An artist’s impression of the Cuxhaven Raid

Island spring-time

The interwar period heralded something of an economic renaissance and the introduction of large-scale tourism for Heligoland. In the 1930s it annually drew 30,000 visitors with enhanced spending power to patronise the new fashionable drinking establishments and expensive gift shops. Adolf Hitler’s Nazi consolidation of power saw a rebuilding of the island’s fortifications. Hitler harboured other grand plans for Heligoland (an anti-aircraft fortress and a gigantic new naval base intended to rival the Royal Navy’s one) but these never came to fruition.

During the Second World War, Heligoland was the site of another early aerial/sea battle between GB and Germany and the onset of the global conflict in 1939. After the Allies gained the upper hand over Germany and it’s Axis partners, the British RAF subjected the fortified island to great devastation (over a two-day period in April 1945 7,000 bombs were dropped on the island, resulting in the flattening of the middle section of Hauptinsel).

Allied victory in the war did not mean a respite from the British destruction for the island. GB having taken interim charge of Heligoland, once again cleared the island of the local population and used it as a bomb-testing range over the next seven years. This assault included a British “Big Bang” (6,700 tonnes of explosives on one single day), thought to be the single largest non-nuclear explosions ever!) [Jan Rüger, Heligoland: Britain, Germany and the Struggle for the North Sea, (2016)].

German Federal Republic stamp commemorating the 1952 hand-back

Cold War sacrifice

After the war, the devastated state of the island proved good propaganda fodder for the new West German Federal government, allowing it to represent itself as “an emblem of German victimhood and nationalism“. In 1952, the Brits, preoccupied with the wider Western imperatives of the day (the Cold War), gave the tiny archipelago back to the West Germans as an inducement to bind them and their influential chancellor Adenauer firmly to the Western anti-Soviet camp [ibid.].
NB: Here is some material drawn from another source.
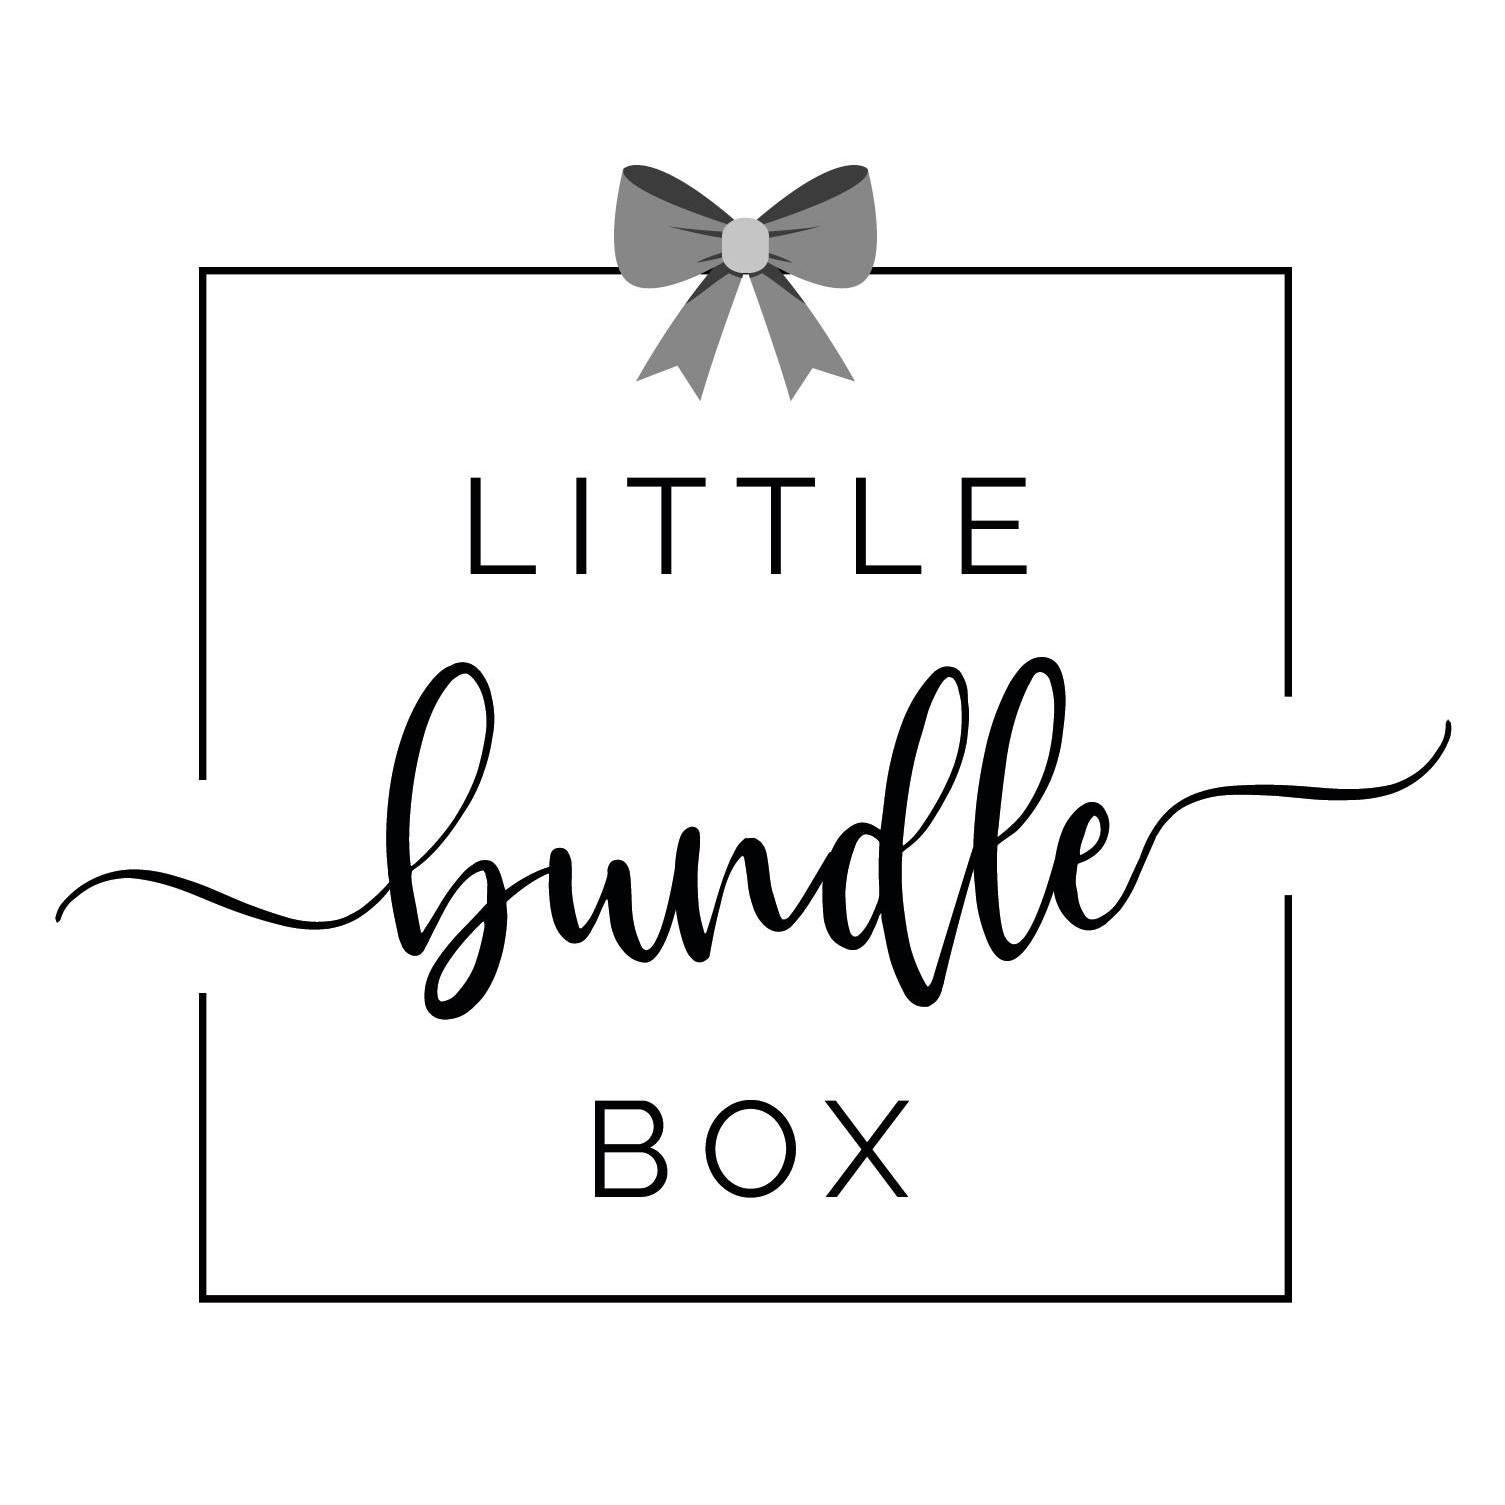 Little Bundle Box's logo

In peace, once more the rocky island reverted to a pleasant holiday destination for continental (mainly German) day-trippers. In the early 1960s Heligoland rebuilt it’s tourist industry and the island was transformed yet again into a modern holiday resort with attractive duty-free benefits and a new spa complex. The present ambience of the born-again island has been likened to “the understated charm of a classic British seaside resort, a miniature Scarborough transplanted into the middle of the German Bight”. Contemporary Heligoland and it’s harbour has also resumed its earlier role as a venue for yacht races. [Waterson, loc.cit.; Rüger, loc.cit.].

Germany’s only Hochseeinsel

For all they have suffered materially and emotionally as a consequence of British misrule, in war and in peace—the betrayals, the dismissive lack of consultation, the physical devastation—the Heligolanders seem to have buried that sorry chapter in the past. The German tourist spiel for the island depicts it as Deutschlands einzige meersinsel (“Germany’s only sea island”), projecting images of quaint and colourful fishermen’s harbourside cottages. Phrases such as “offshore oasis of relaxation”, “a unique natural setting(and)mild maritime climate” litter the pages of published promos (www.germany.travel/).
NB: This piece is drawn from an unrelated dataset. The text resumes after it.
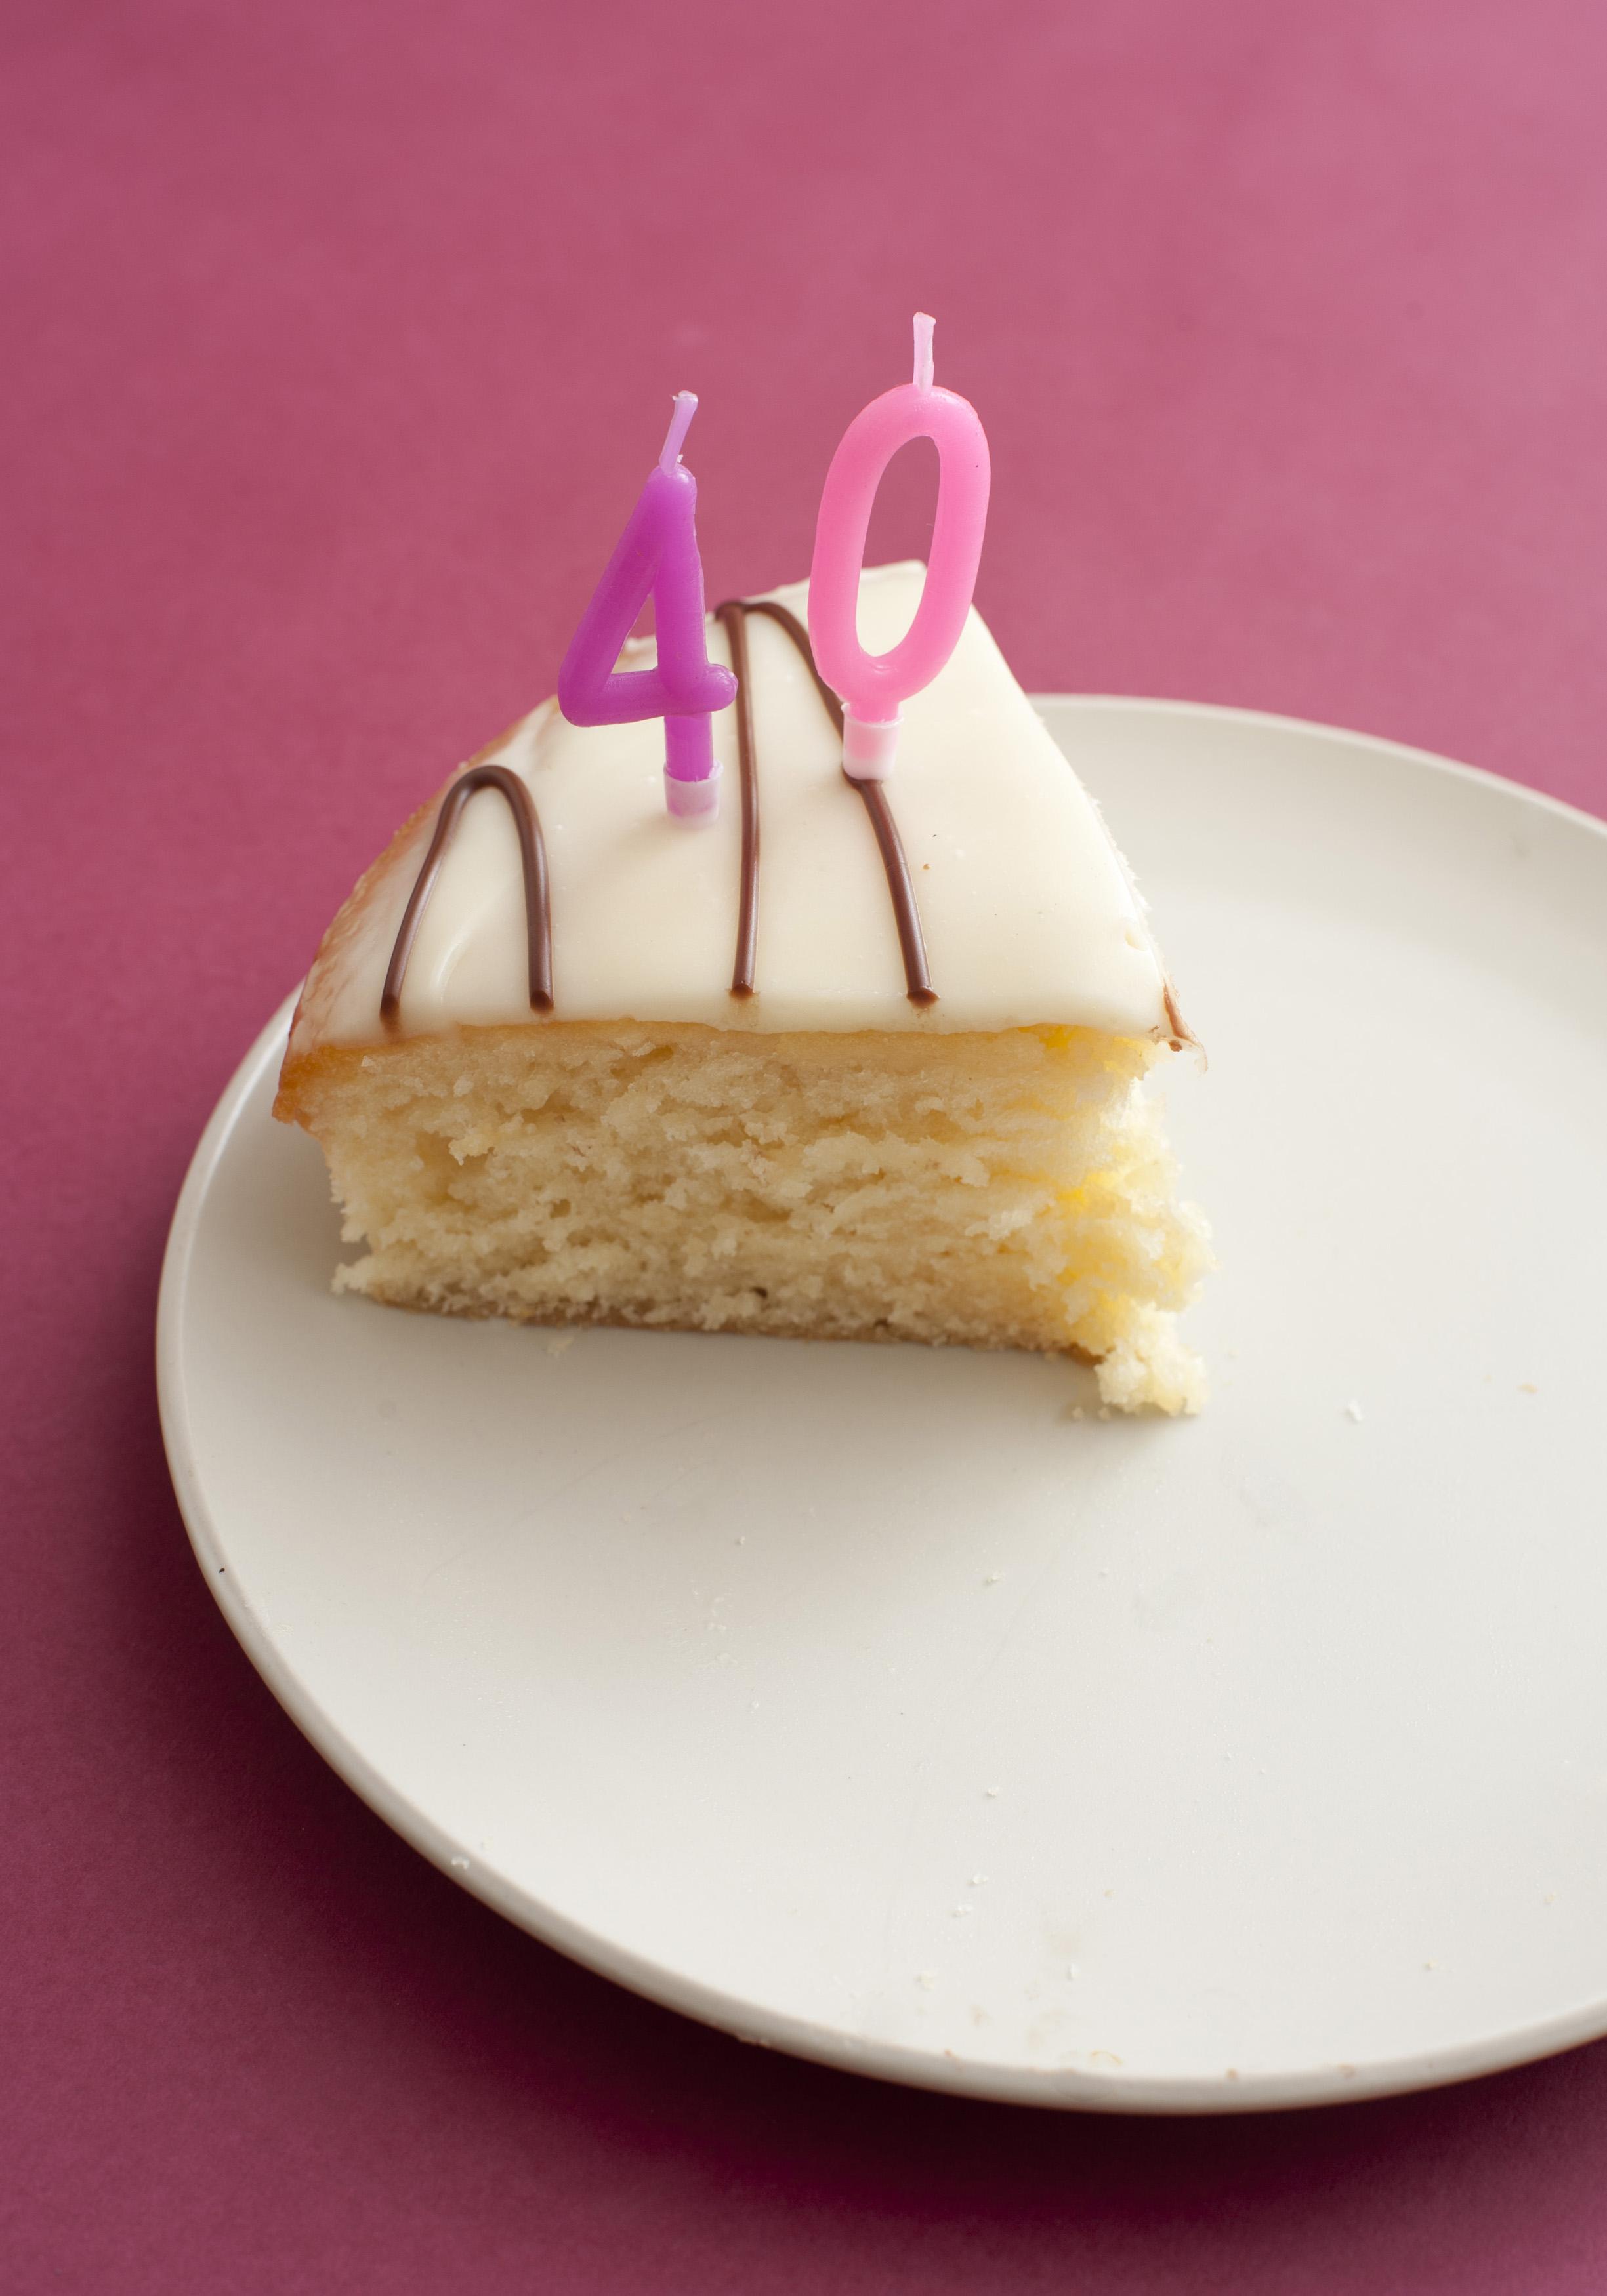 Free Stock Photo 11425 Slice Of 40th Birthday Cake

Footnote: Promised resort lifestyle aside, contemporary Heligoland eschews many of the trappings of modernity for a more minimalist if not entirely back-to-basics existence—no autos, no bicycles (push-scooters and hiking the prevailing modes of transport), no high-rise, no internet, no invasive smells, noises or sounds of industry—a diet of peace and tranquility and migratory bird-watching, befitting Heligoland’s curative, get-away-from-it-all role over much of it’s history.

Heligoland crest

︻︻︻︻︻︻︻︻︻︻︻︻︻︻︻︻︻︻︻︻︻︻︻︻︻︻︻︻︻︻︻︻︻︻︻︻︻︻︻︻︻

these days the island also has a crater-shaped Mittelland (middle land), thanks to the British bomb-testing program of the Forties and early Fifties

severe storm action has massively altered the geology of Heligoland over the centuries…until 1720 the two islands were connected [‘Heligoland’, Wikipedia, http://en.m.wikipedia.org]
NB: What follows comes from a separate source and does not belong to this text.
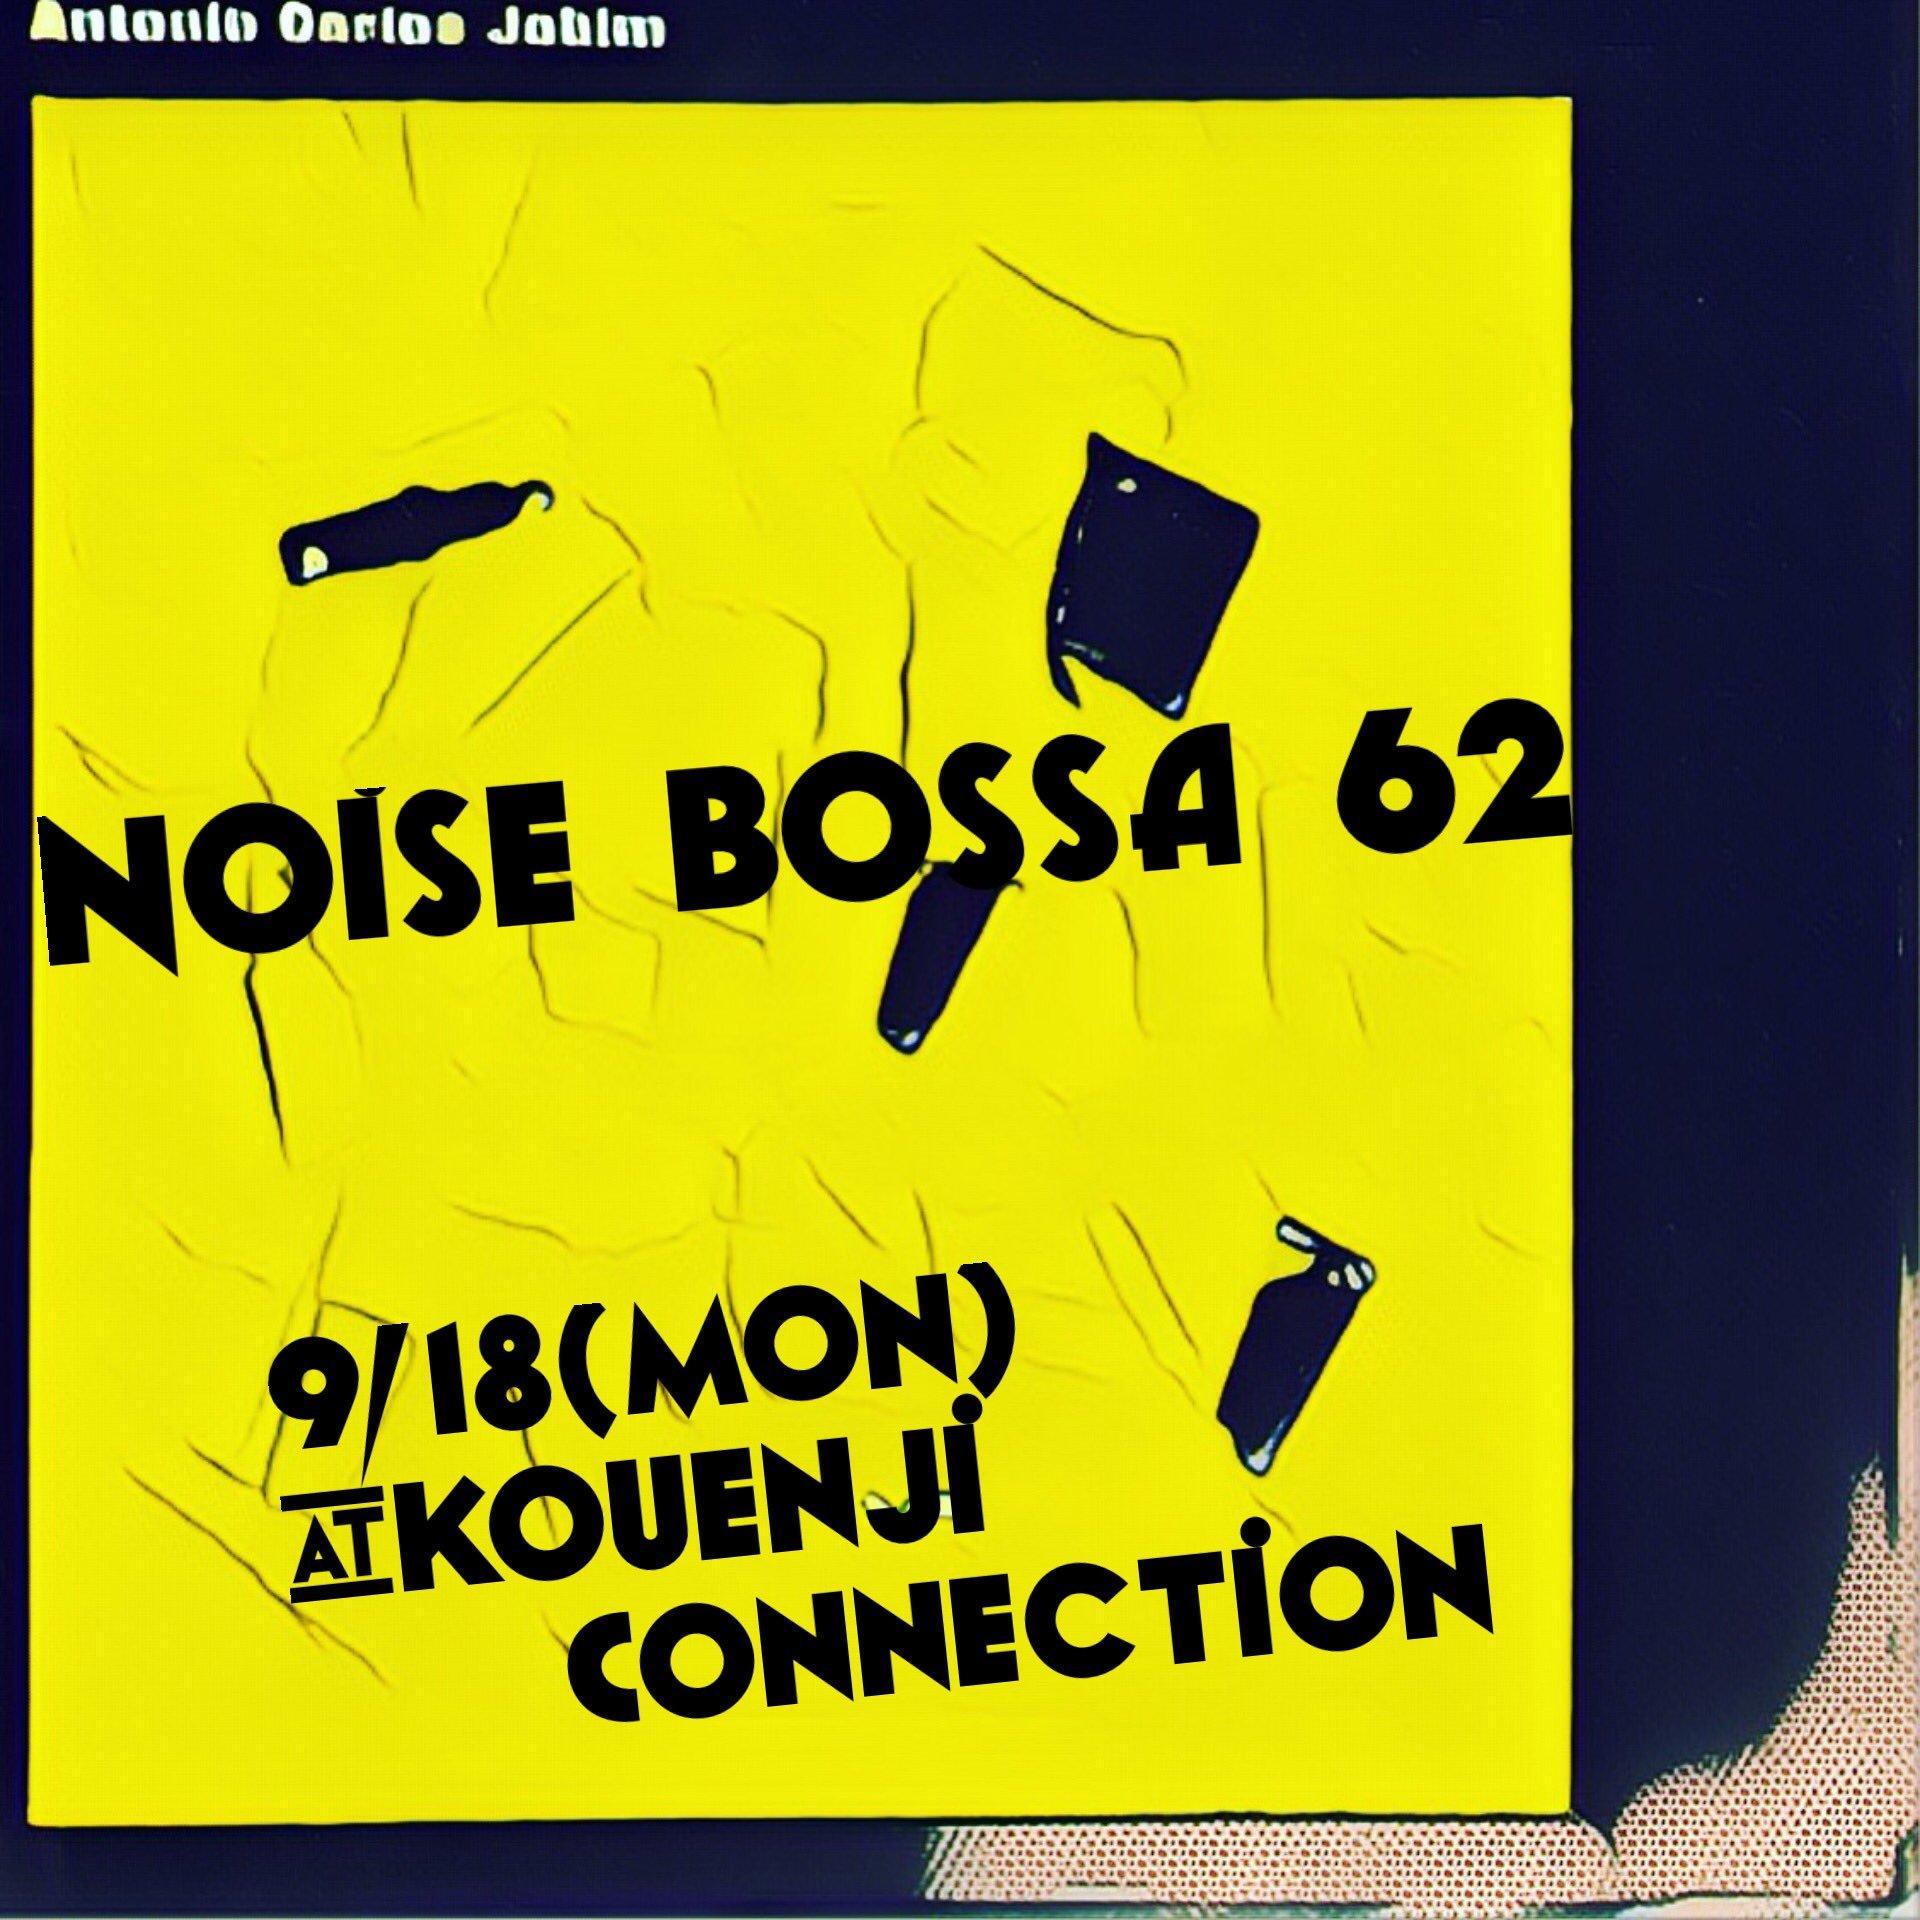 09/18(月・祝)横田寛之 ETHNIC MINORITY「Noise Bossa Vol.62」_c0099300_15503935.jpg

today they number around 1,500-2,500

Lord Salisbury, the architect of the exchange, had first had to overcome staunch internal opposition to the relinquishment of Heligoland, not least from Queen Victoria herself

three German light cruisers and one torpedo-boat was sunk

this has been a recurring motif with Heligoland, GB’s disposal of the island in 1890 was likewise done without consulting the 2,000 inhabitants of Heligoland

offshore island

Bungan’s ‘Baronial’ Castle: 100 Years on the Headland

Built Environment, Geography, Memorabilia, Racial politics, Regional History, Social History, Visual Arts

The northern coastline of suburban Sydney, with its abundance of picturesque beaches, is a magnet in summer for many visitors from far and near. One of the less frequented of the Northern Beaches, owing to its relative inaccessibility and lack of a rock pool, is Bungan Beach.

E44AD00D-D062-4E62-B81E-89476E557AE5What drew me to Bungan this summer was not however the pristine waters of its uncrowded beach, but one particular unusual building standing out high up on Bungan Head…Bungan Castle, which this year celebrates 100 years since it was constructed.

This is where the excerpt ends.